Past medical expenses are usually proved by the production of receipts for the expenses being claimed. The record of proceedings shows that the only proof of past medical expenses tendered were two medical receipts both dated 20 February 2013. There was no medical evidence linking the medical treatment of that date to the assault of 7 August 2011. It was imperative to produce or call medical evidence on the nature and extent of the injuries suffered and observed by a medical practitioner when respondent visited hospital soon after the assault and when she was examined. Such evidence would then need to be expertly linked to the treatment respondent received on 20 February 2013. Without such a linkage it was highly risky for the trial magistrate to accept that the treatment for that date was a result of the assault of about 2 years prior to that date.
It may also be noted that the receipts referred to are for a total sum of $33-00. Had the respondent proved the linkage that is what she would have been entitled to for past medical expenses.
On future medical expenses there was not much evidence other than the respondent’s mere say so. This is again an issue that required medical opinion from a medical practitioner. There was no adequate evidence on future medical needs for the trial magistrate to have properly assessed the quantum of damages to award in this regard.
I thus find that the trial magistrate misdirected herself in arriving at $1 000-00 for past and future medical expenses.
Regarding the claim for pain and suffering the trial magistrate awarded a sum of
$2 500-00. The trial magistrate indicated that in arriving at that sum court considered the duration and intensity of the pain from the plaintiff’s testimony. The respondent’s assertion that she now suffers from headache in the morning and when it is cold was also key to the assessment of the level of damages. It is unfortunate that like in the previous assessment the trial magistrate fell into the trap of relying on the respondent’s mere say so without medical evidence in support thereof.
This category of claim requires clear evidence of the nature and extent of the injuries suffered and the resultant pain. It is also a category where court is expected to consider the level of awards in previous cases of a comparable nature. This was not done in this case. The trial magistrate seemed to have used gut feeling in arriving at the quantum of the award.
The award of $2 500-00 made for pain and suffering was not justified from respondent’s evidence. Whilst the respondent may have suffered some injury and discomfort she lamentably failed to justify the amount awarded. This court is of the view that not enough evidence was tendered from which the trial magistrate could have made an appropriate assessment.

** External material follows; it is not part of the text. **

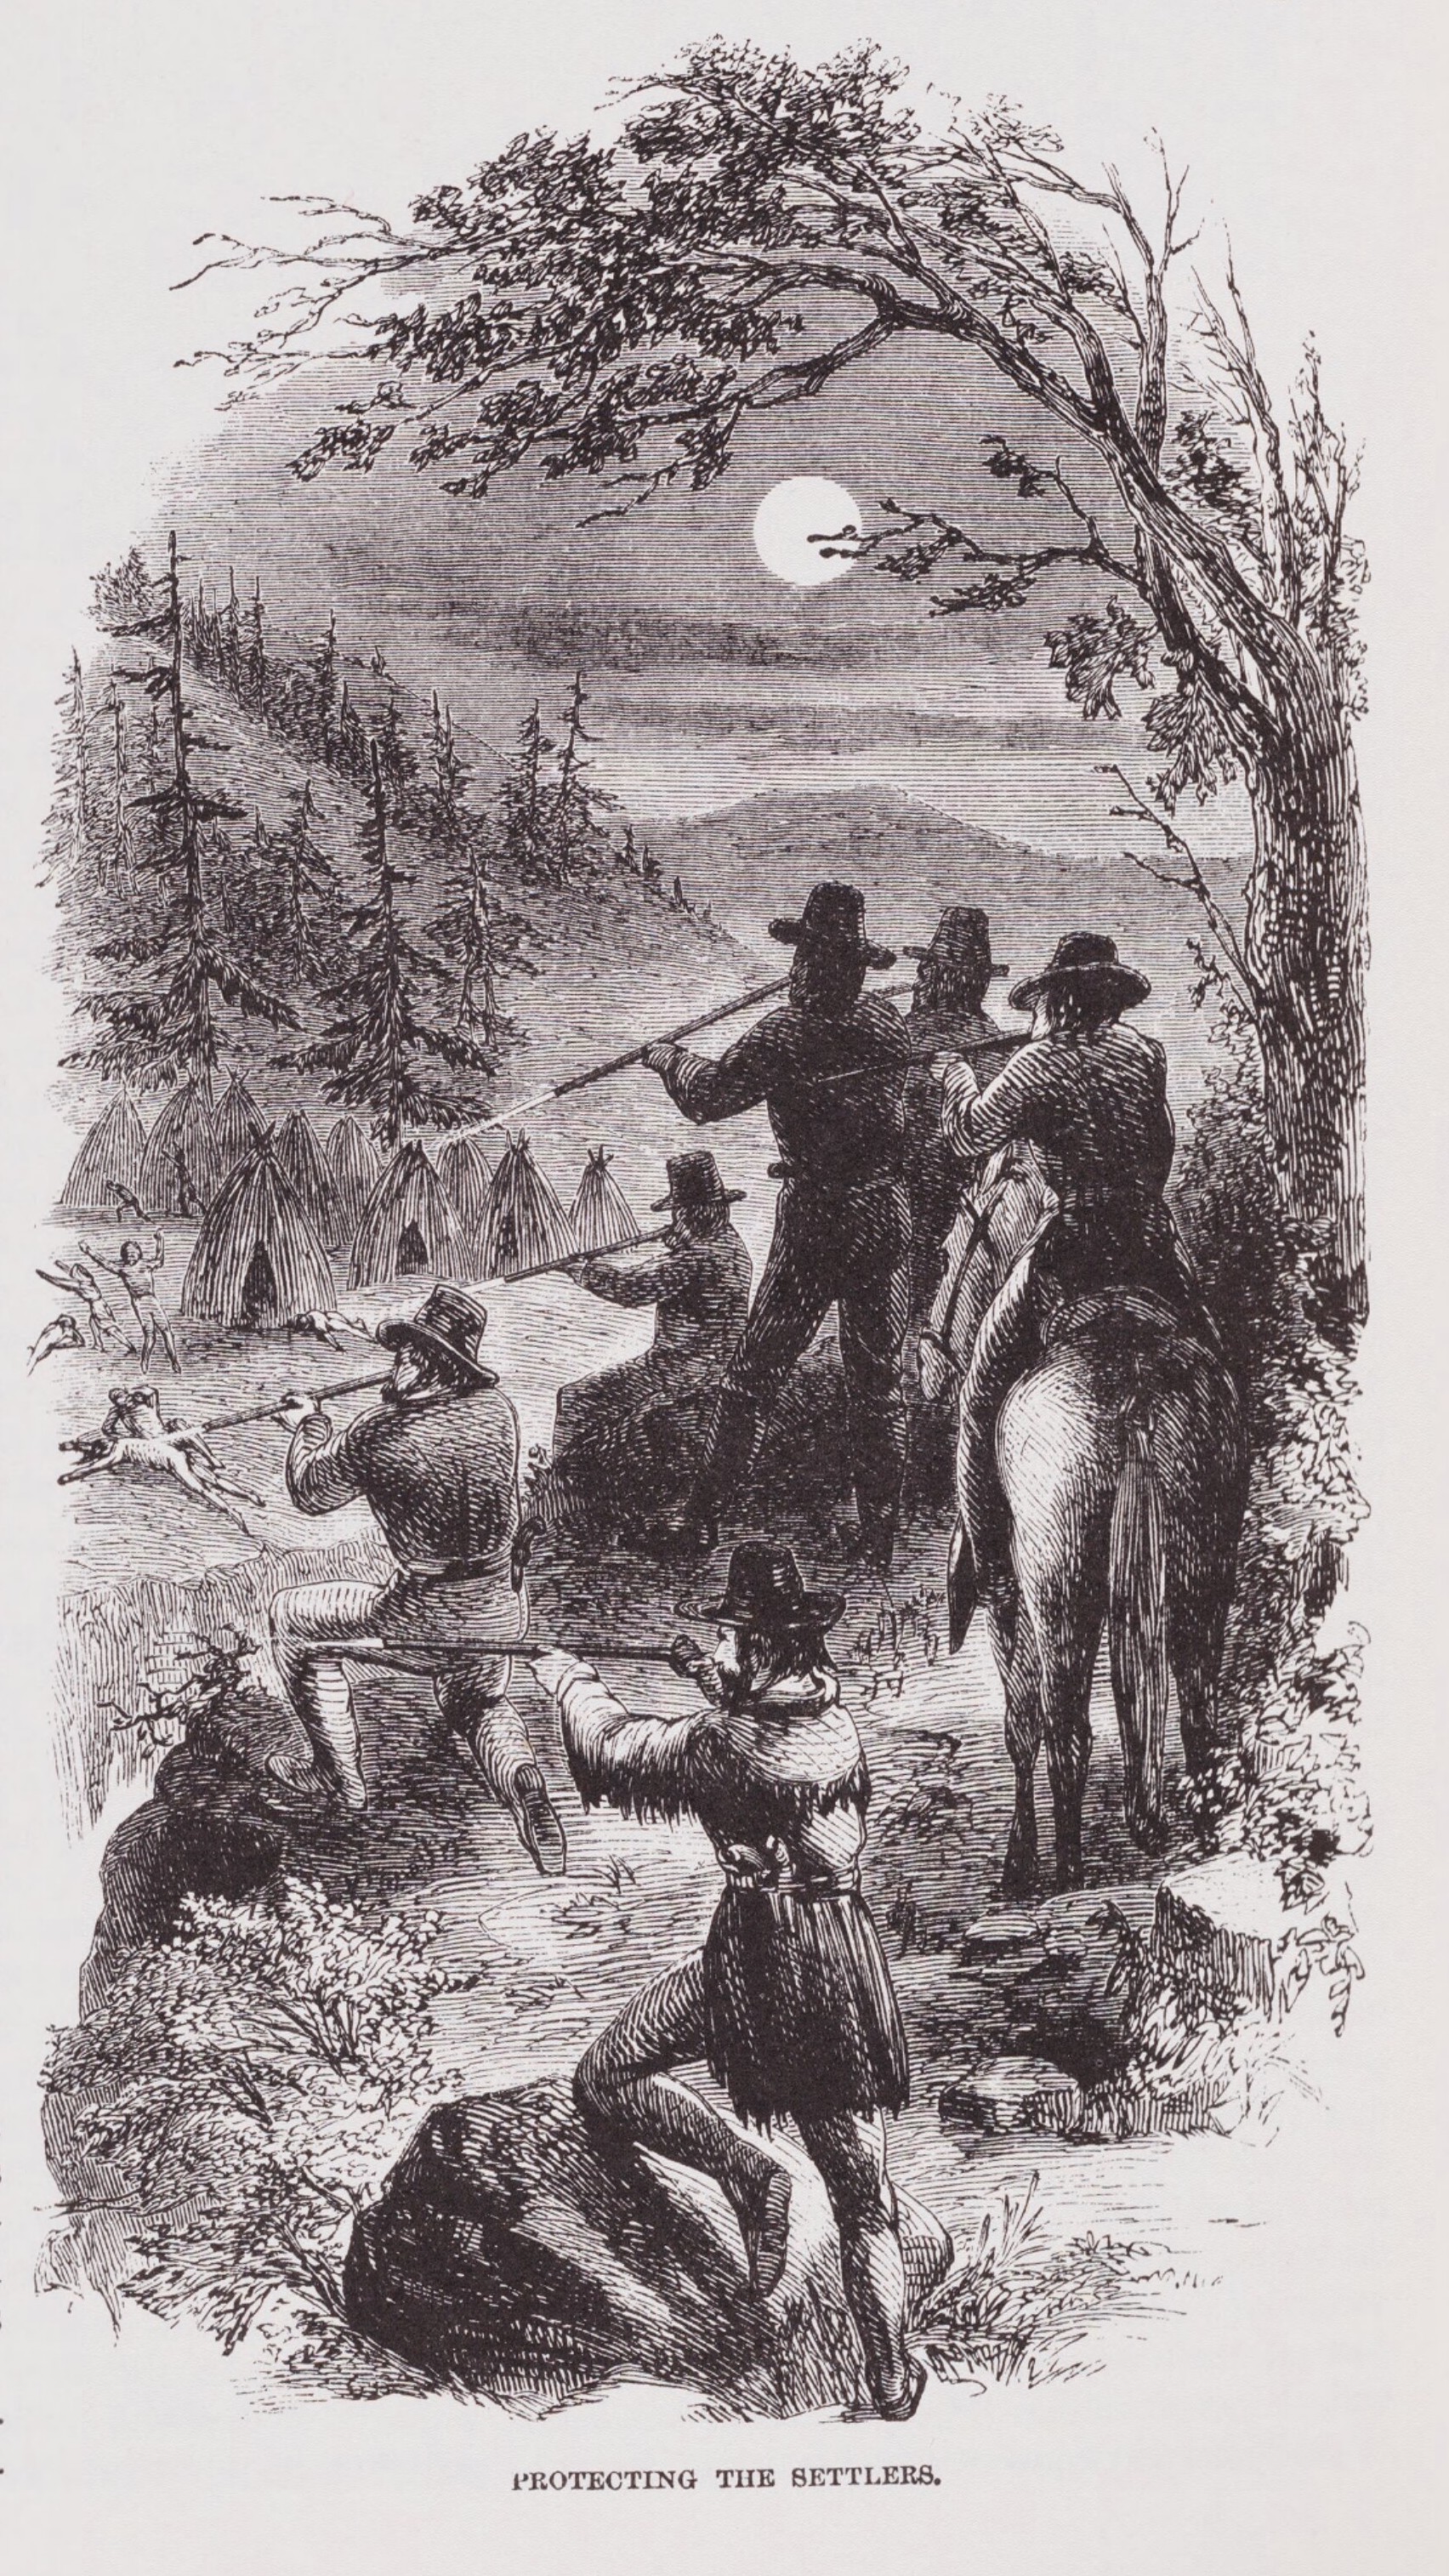 This illustration portrays militia men massacring Native Americans in California.

This is a case where the court a quo should have granted an absolution from the instance.
Accordingly, the appeal is hereby allowed and the judgement by the court a quo is hereby set aside and is substituted by the following:
An order for absolution from the instance is hereby granted.
Each party shall bear their own costs of this appeal.
MAKONI J: Agrees ……………………………..
Nyikadzino, Simango and Associates, appellant’s legal practitioners.